Though Timo assumes otherwise, the Creeper doesn’t kill Mickey 17. By the time the half-frozen survivor returns to the ship, his successor has already been imprinted, meaning one of them must be eliminated. Though their genes and memories are the same, each iteration has a slightly different personality. Mickey 18 is more aggressive, immediately assuming the alpha role to Mickey 17’s more submissive nature, which Pattinson suggests through his hunched shoulders and boyish-looking bowl cut.


They both want to live, which pits them against each other at first. They also crave the company of Nasha (Naomi Ackie), a sexually voracious rule-breaker aboard the ship, who relishes the idea of ​​having more than one Mickey to satisfy her—as long as her rival Kai (Anamaria Vartolomei) doesn’t rat them out. And so the two women selfishly agree to share the wayward doubles, while Mickey 18 plans a coup.


This plot is easy enough to follow, though the film insists on complicating it, as Ruffalo’s character (whom he plays with Colonel Sanders’ wavy hair, bright white false teeth, and an inconsistent accent) becomes increasingly tyrannical as his mission moves away from Earth. At every turn, his manipulative wife, Ylfa (Toni Collette), looks down on him mischievously, encouraging his worst instincts (like the assumption that Creepers are a threat and therefore must be exterminated) while indulging in his obsession with sauces. Both are reminiscent of the dimwitted businessmen Tilda Swinton and Jake Gyllenhaal played in “Okja,” with their outlandish costumes and over-the-top acting style. Bong might argue that our current reality is no less ridiculous, even though it’s all just as exhausting.


In Ashton’s book, the author imagined 10 fewer copies of Mickey, but Bong ups the count to 17, gleefully putting both character and star through their paces. Pattinson is incredibly good at all of this, subverting the image “Twilight” fans have of him by playing such an utterly pathetic character.

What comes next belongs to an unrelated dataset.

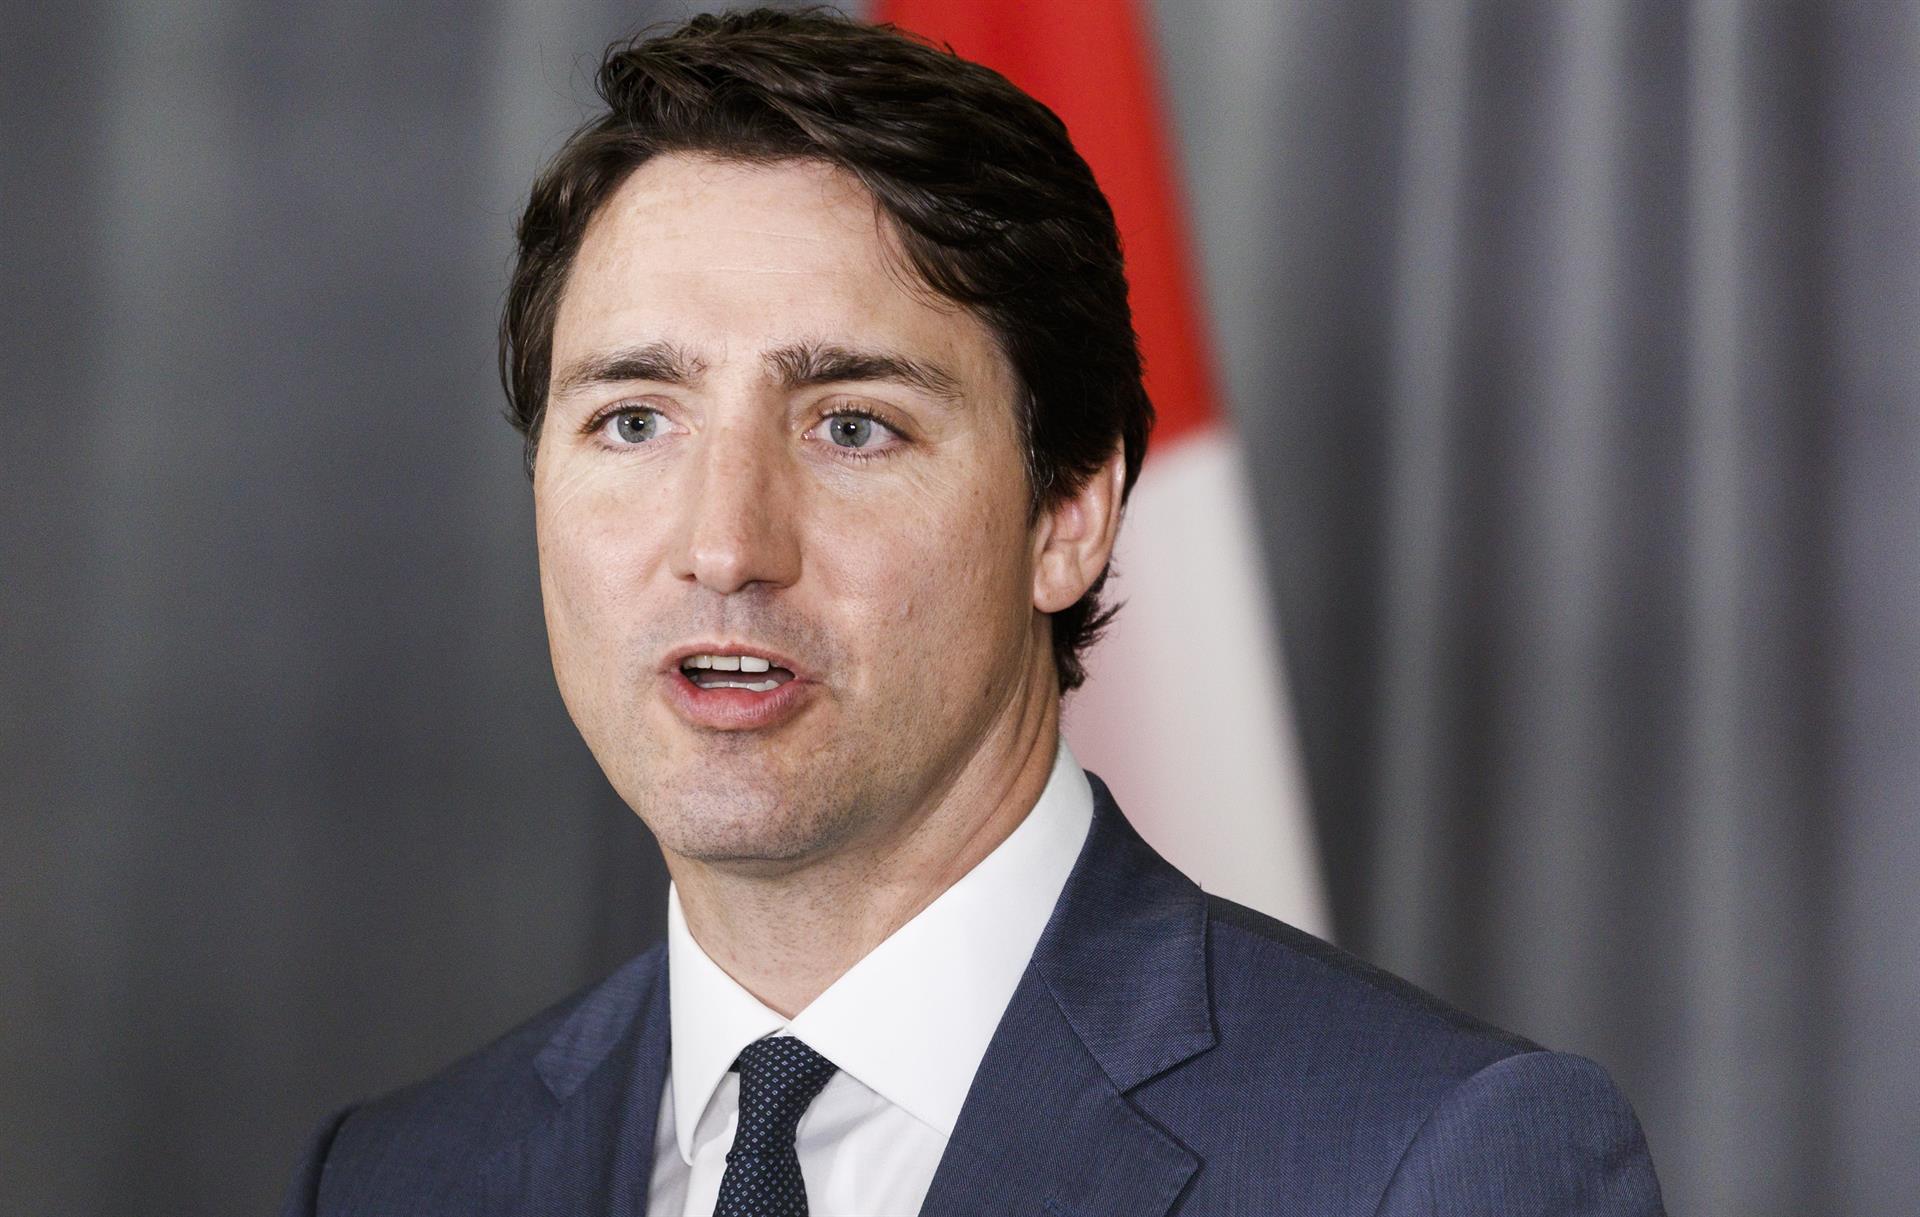 El primer ministro de Canadá Justin Trudeau habla durante una conferencia de prensa en Nueva York (Estados Unidos). Imagen de archivo. EFE/JUSTIN LANE

For most of the film, Mickey is stuck in a Groundhog Day-style infinite loop, where he’s forever doomed to repeat the same thankless life, while being pestered with callous questions about what it’s like to die.


It turns out that modern science already has a version of the underlying cloning technology, experimenting on small groups of stem cells (rather than adult bodies with the memory imprinted on them). That approach avoids the indignity of putting a human through all that pain. Does putting Pattinson’s grim face on the phenomenon lead us to see it differently? For all of the film’s recycled themes (from condemning the gulf between social classes to advocating compassion for all creatures), it’s not clear that any useful allegories can be drawn from Bong’s darkly comic parable. A single viewing should suffice.